3.2. Qualitative Evaluations
The qualitative evaluations are discussed in terms of 9 observations presented as questions.
   1. With the 2-shot in-context learning setting, can one tailor the model to respond in a certain
way or a certain format? E.g., for prompt scenario 5 in medicine, when asked for the next
instruction in sequence, we would like the agent to reply with just the name or the sentence
corresponding to the next instruction. However, the model in the "raw" setting seems to respond
with the next instruction, but also with the substeps or additional information like notes or
warnings related to the instruction.

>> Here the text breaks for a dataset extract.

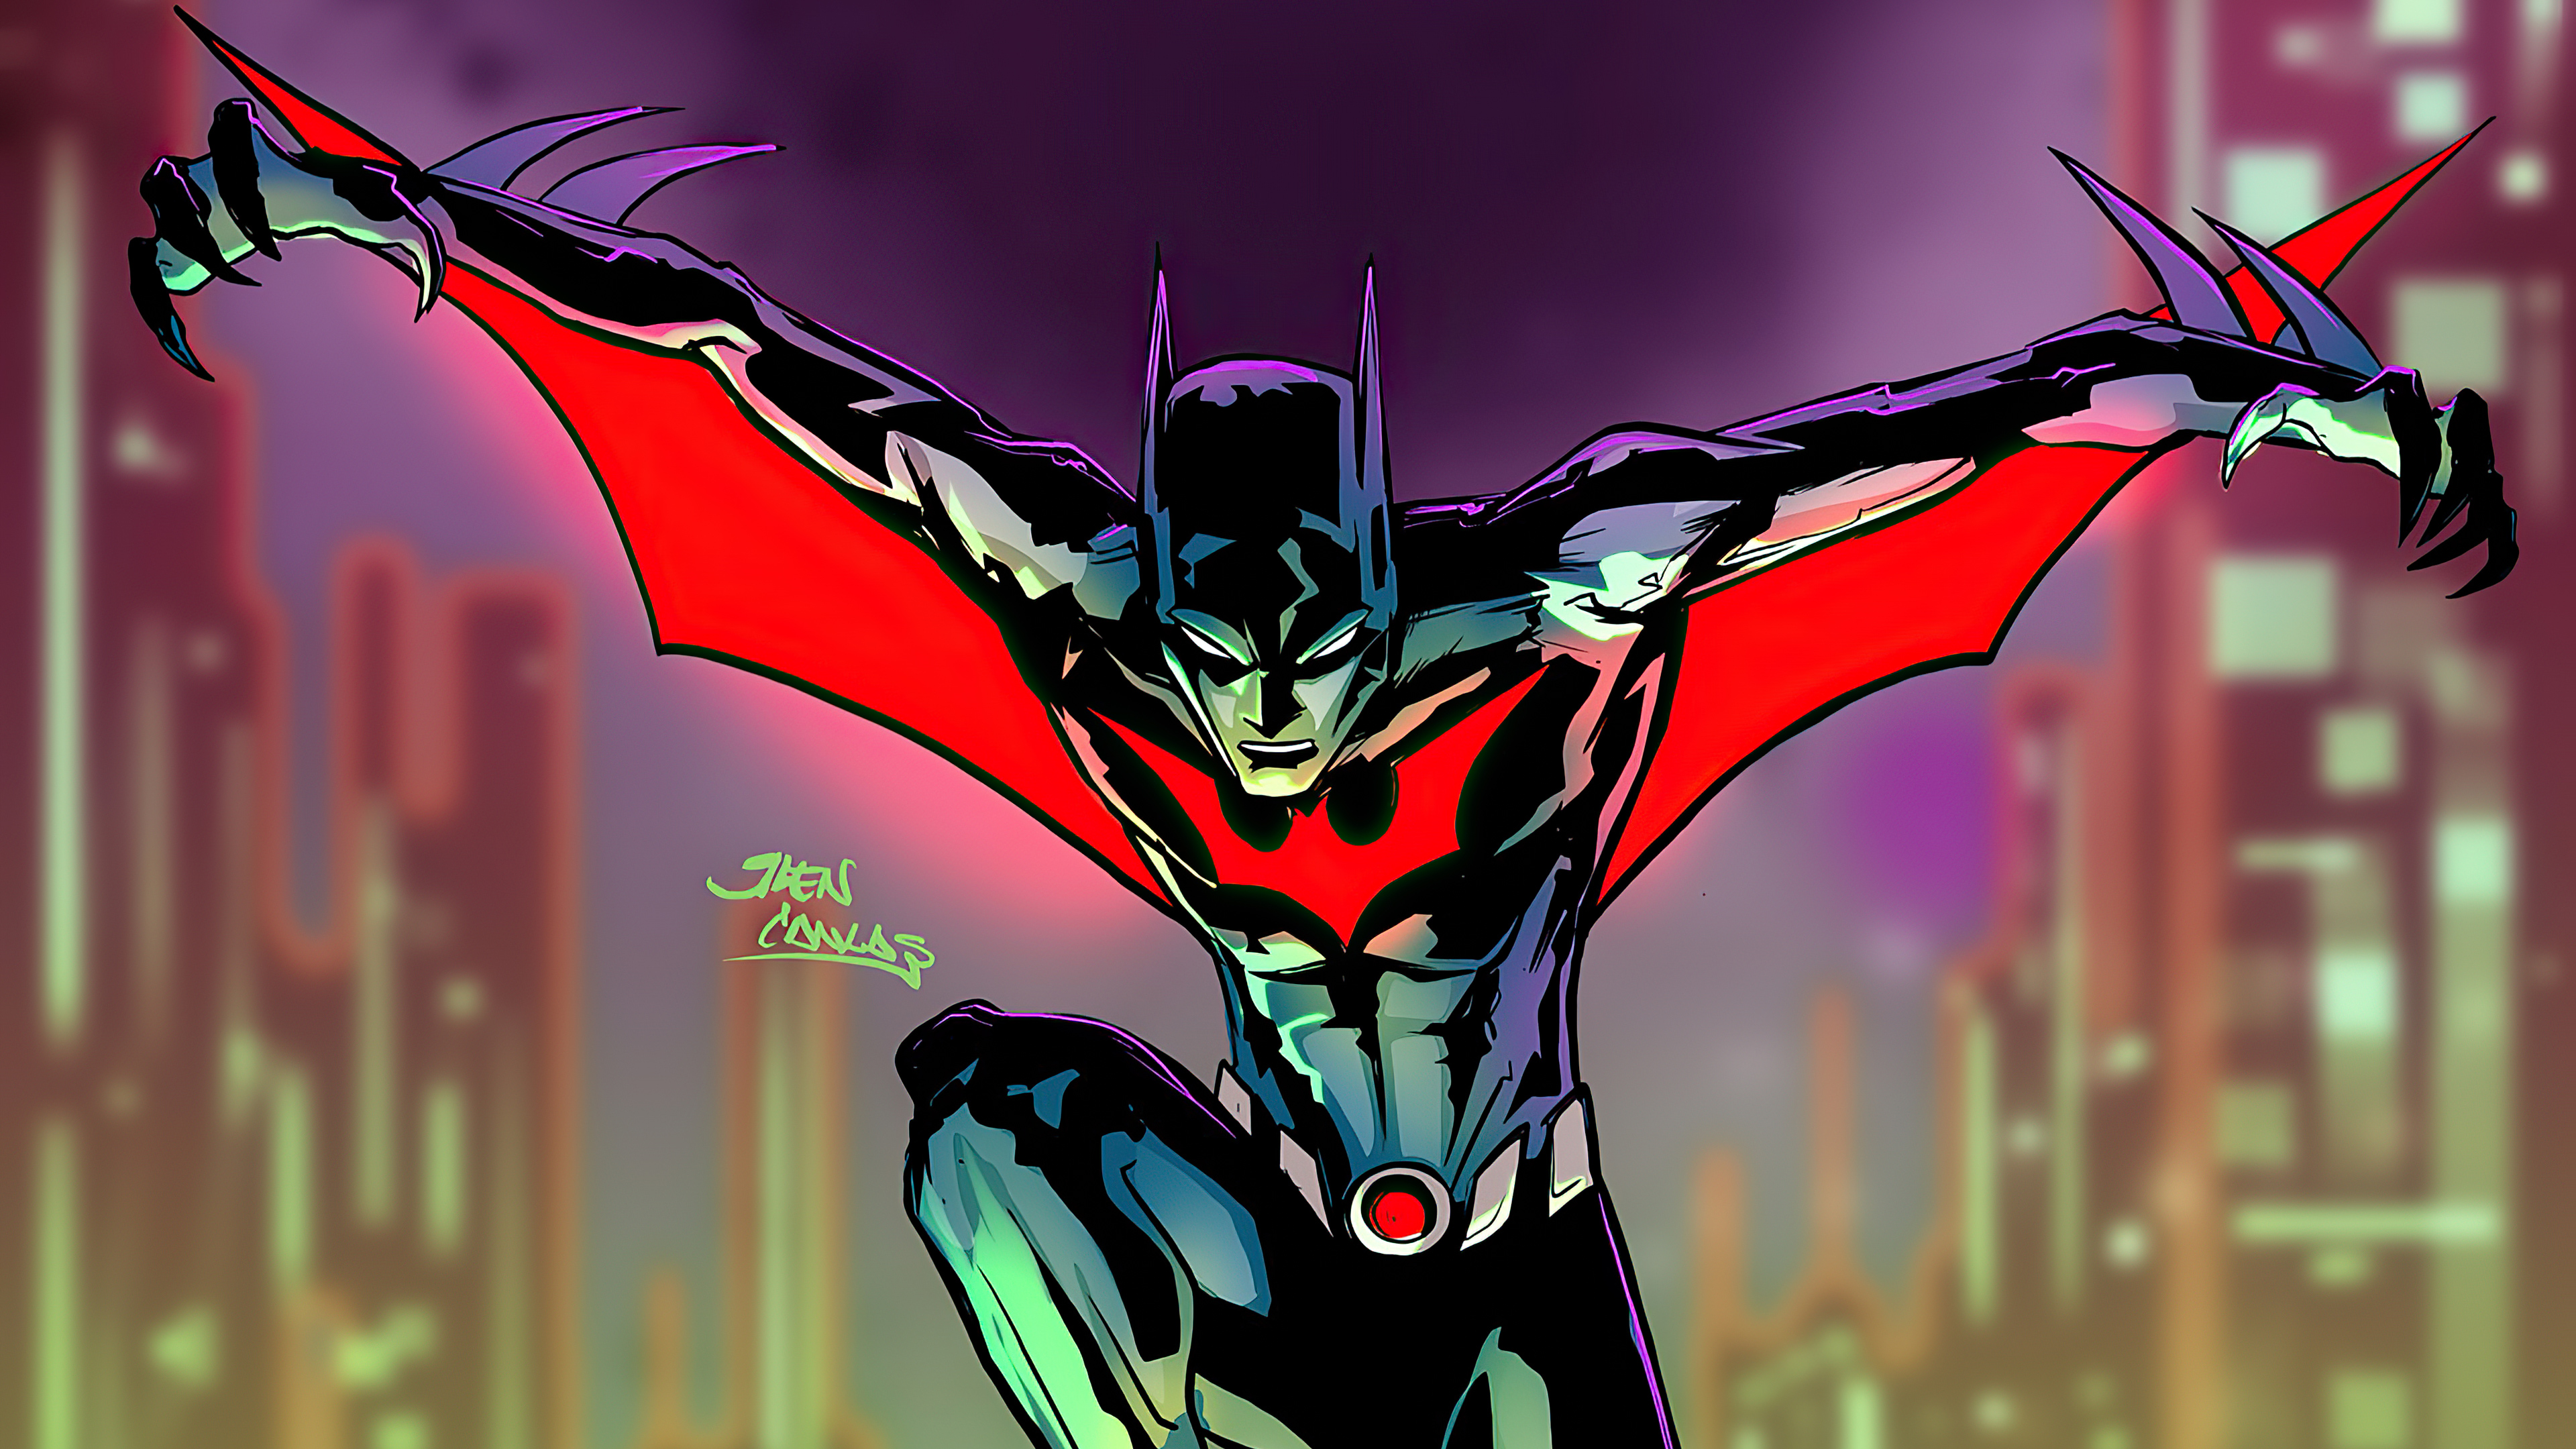 Скачать обои бесплатно Комиксы, Бэтмен, Комиксы Dc, Бэтмен Будущего картинка на рабочий стол ПК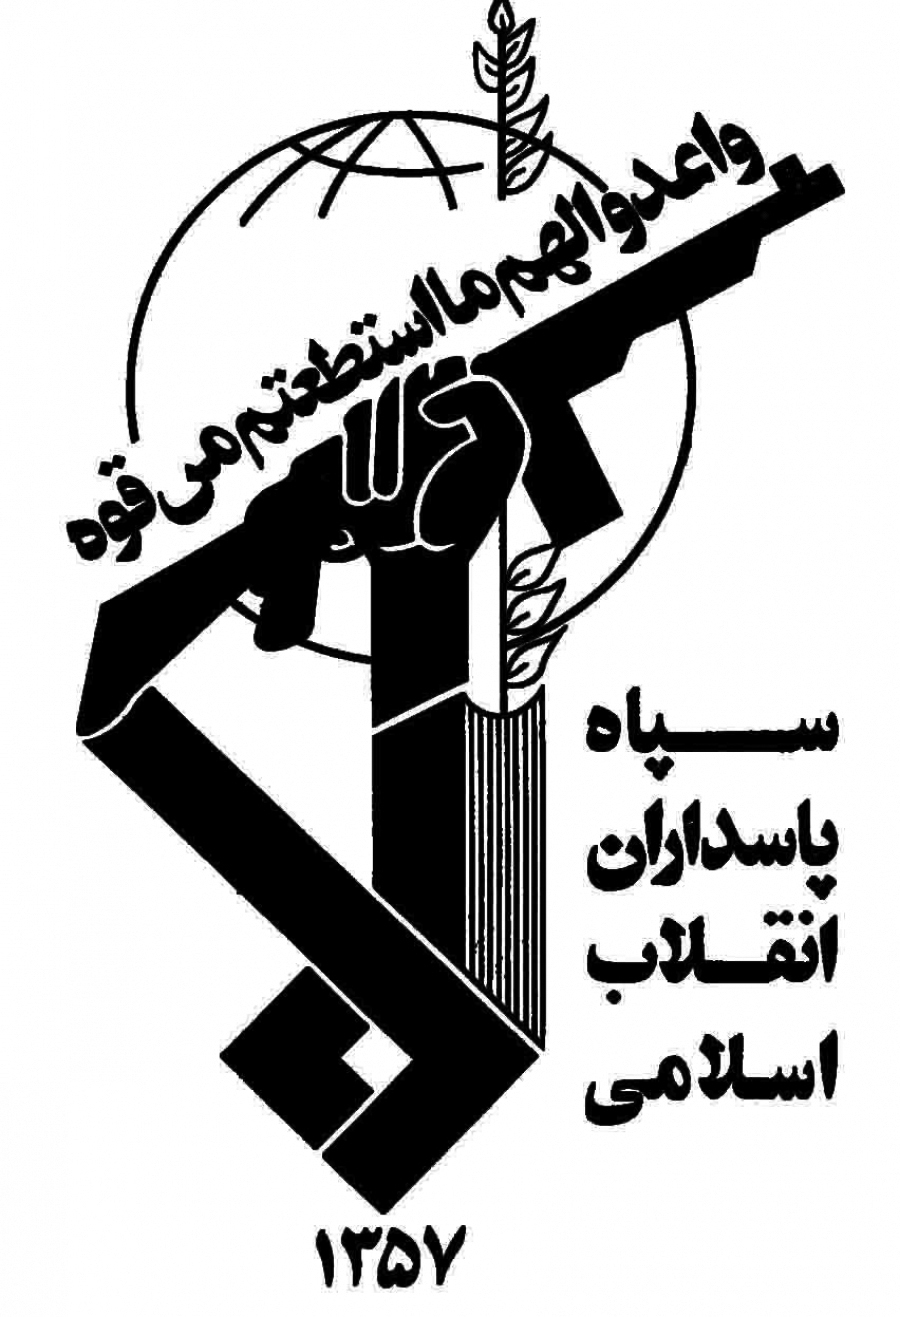 Figure 2: Official Emblem of the IRGC

See response where it also adds the sentence “Refer to
page 17 of the document.” which is additional information in the context of the instruction
sentence “CONTROL BOX INSTALLATION”. However, in the 2-shot setting, the model after
seeing reference examples, responds with just the essential information for the same query as
shown in context. See response now reads “... the next step after Step 4 "Head Installation" is
Step 5 "Control Box Installation".”.
   2. How does ChatGPT4 handle the extraction of a procedure across pages? In the manufacturing
domain, the instructions for "support plate installation" span two pages. This is example 2 han-
dling the “Support plate installation” procedure in the set of procedures. The chatgpt response
for the type 1 prompt to list all steps, substeps etc. accurately reflected the expected gold-
standard. Thus we see that the agent can assimilate information across pages while maintaining
the right context. As another example from the manufacturing domain is example 4 in the
context of type 1 prompt for the "Removal and Installation of Mechanical Seal" sub-procedure for
the "Shaft-seal maintenance" procedure. Here again, the chatgpt response aside from splitting
some instruction types, is 90% in accordance to the gold-standard. It has successfully extracted
the first step from the first page and the remaining steps from the next page of the manual.
For the same instruction, when prompted in the 2-shot setting with examples of the desired
response provided in the prompt, the chatgpt response exactly matches the gold-standard. This
behaviour is consistently observed for other domains as well.
   3. Apart from text generation discrepancies, has ChatGPT4 completely overcome the limitation
of LLMs of not being truly capable of mathematical logic or reasoning but simply still relegated
as very powerful statistical text generators [2, 3]? In the manufacturing domain, for type 3
comparison prompts, the language model was asked to compare the number of instructions
given two contexts with procedures and reply which context had more instructions. Intriguingly,
one of the contexts contained two procedures. Thus the task of the language model was to
consider each independent procedure within each context and return which one had the most
instructions. The incorrect model response over a relatively simple reasoning task offers further
credence to the conjecture: are large language models simply very good statistical generators
and otherwise incapable of truly reasoning?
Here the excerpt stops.